In 1614, the Teutonic Order, governing the Duchy of Prussia as a fief of the Polish Crown, faced a complex and challenging currency situation. The state’s monetary system was not autonomous but was deeply entangled within the wider Polish-Lithuanian Commonwealth, which exerted significant control over minting rights. The primary circulating coin was the Prussian
schilling, but the monetary landscape was dominated by large quantities of foreign coins, particularly Polish
groszy and
thalers from the German states and the Netherlands. This created a fragmented and unstable system where the value and purity of coins in circulation varied widely, complicating trade and state finances.
The core of the problem lay in the chronic shortage of high-quality, full-weight coinage. Gresham's law was in full effect: "bad money drives out good." Debased coins from neighboring states, along with clipped and worn domestic issues, remained in daily use, while full-weight silver thalers were often hoarded or exported.
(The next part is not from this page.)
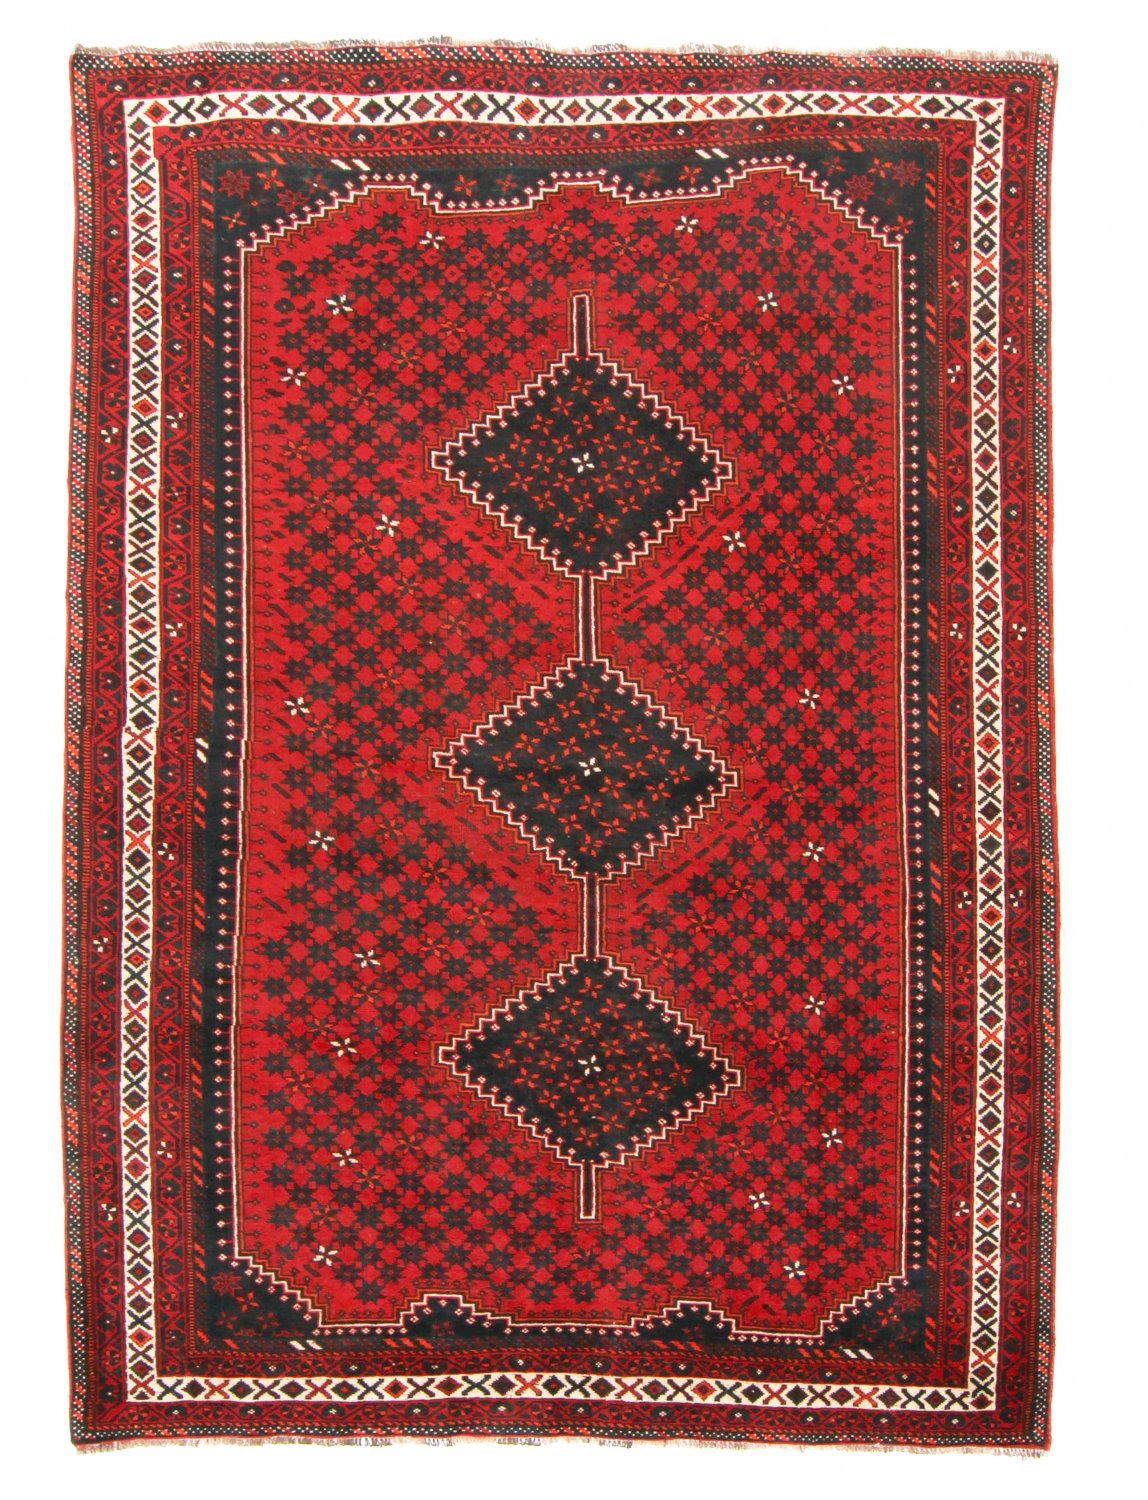 Persian rug Shiraz 299 x 202 cm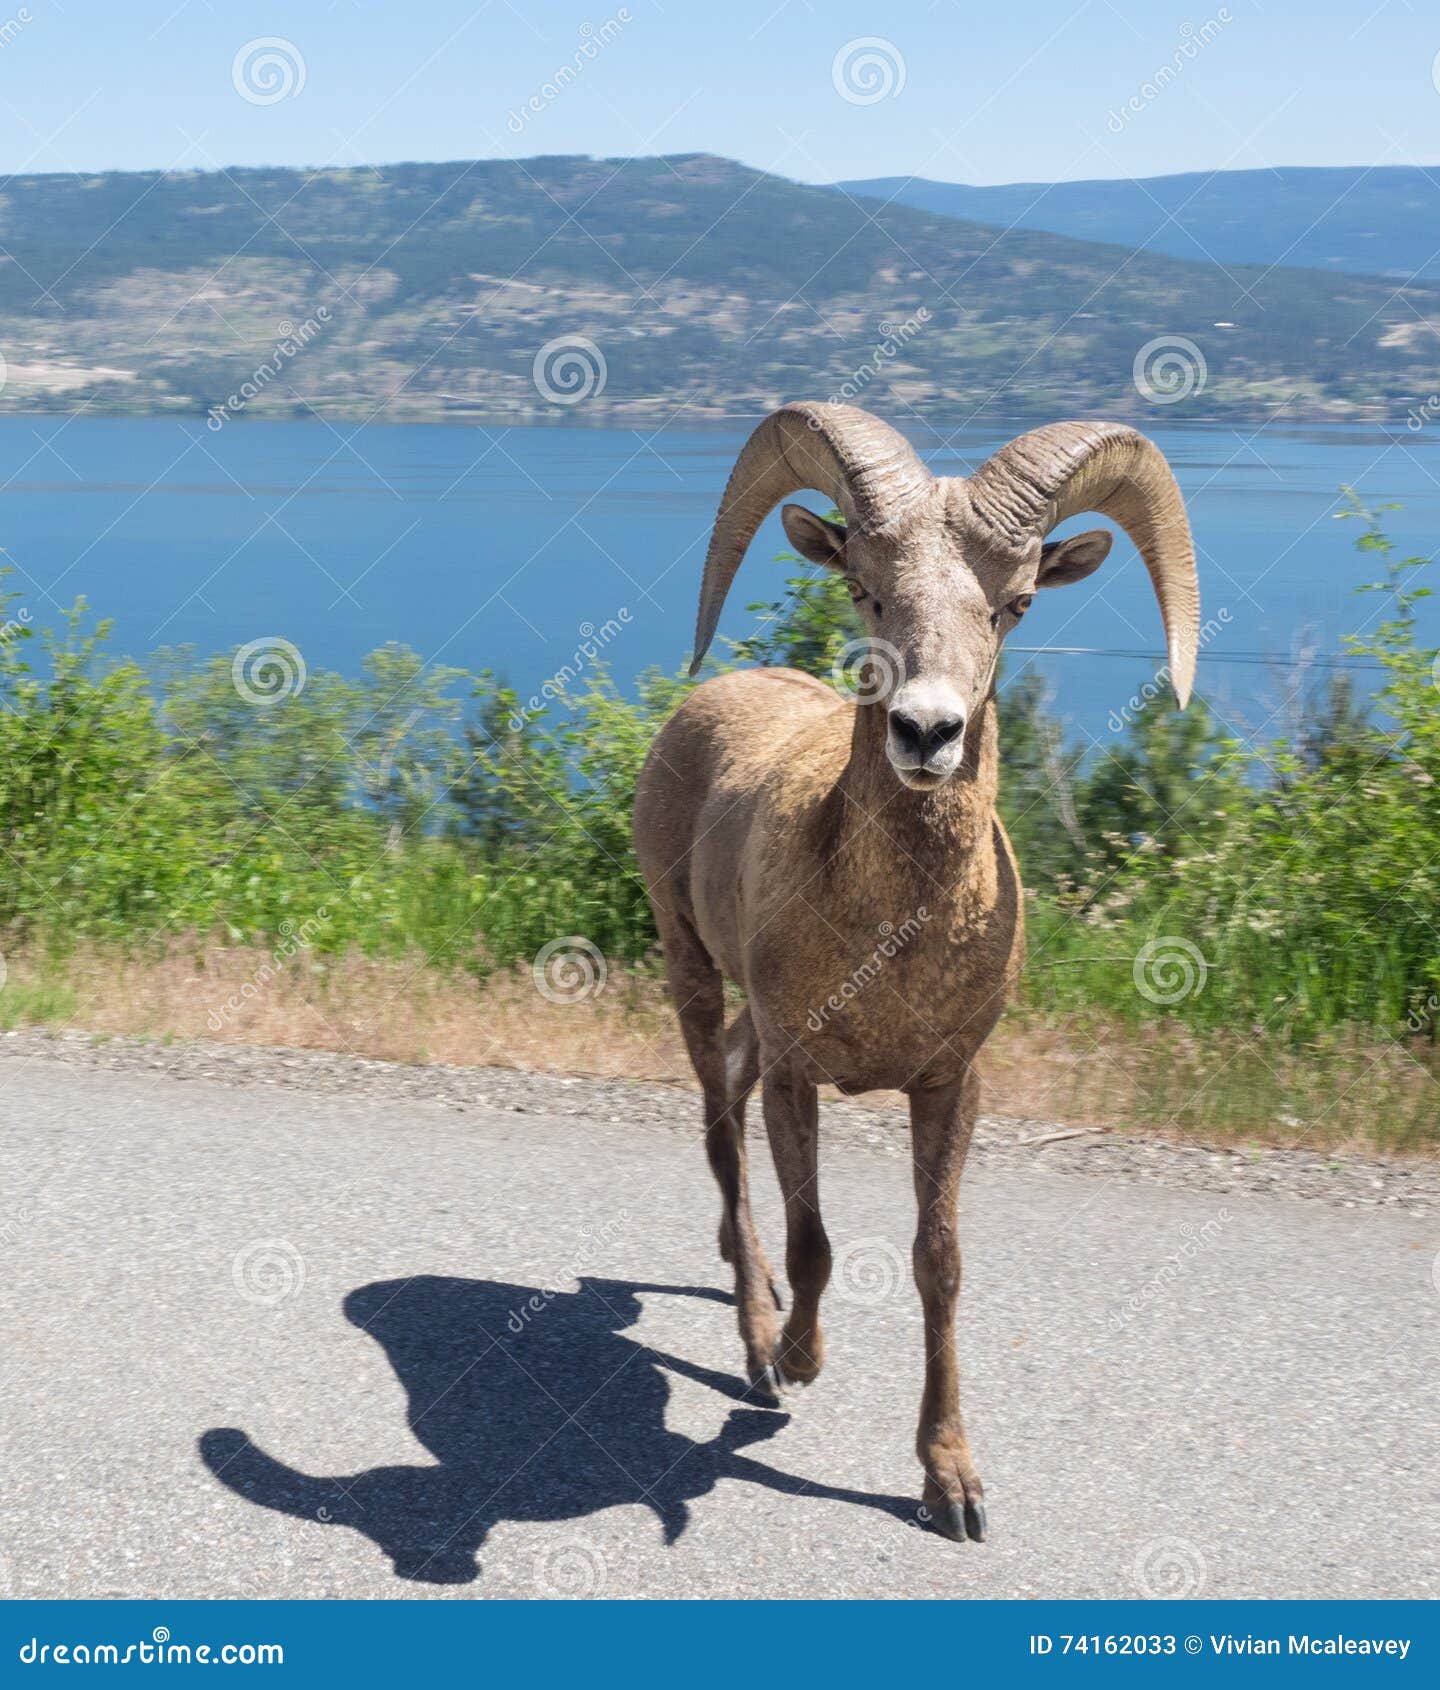 A wild, male big horn sheep runs near Okanagan Lake in British Columbia, Canada.

This scarcity of reliable currency hampered commerce and tax collection for the Order's treasury. Furthermore, the Polish monarchy, wary of a strong and financially independent Prussia, historically restricted the Order's minting activities, limiting its ability to reform the currency and assert economic sovereignty.
Consequently, the monetary policy of Grand Master Johann Sigismund in 1614 was one of cautious management rather than sweeping reform. The state focused on maintaining the stability of its existing coinage as best it could, regulating exchange rates between the myriad coins in circulation, and attempting to curb the worst abuses of debasement and clipping. The situation underscored the Teutonic Order's diminished political power, as its economic fortunes were dictated by its feudal overlord in Kraków and the unpredictable flows of international bullion, leaving its currency system vulnerable and inefficient.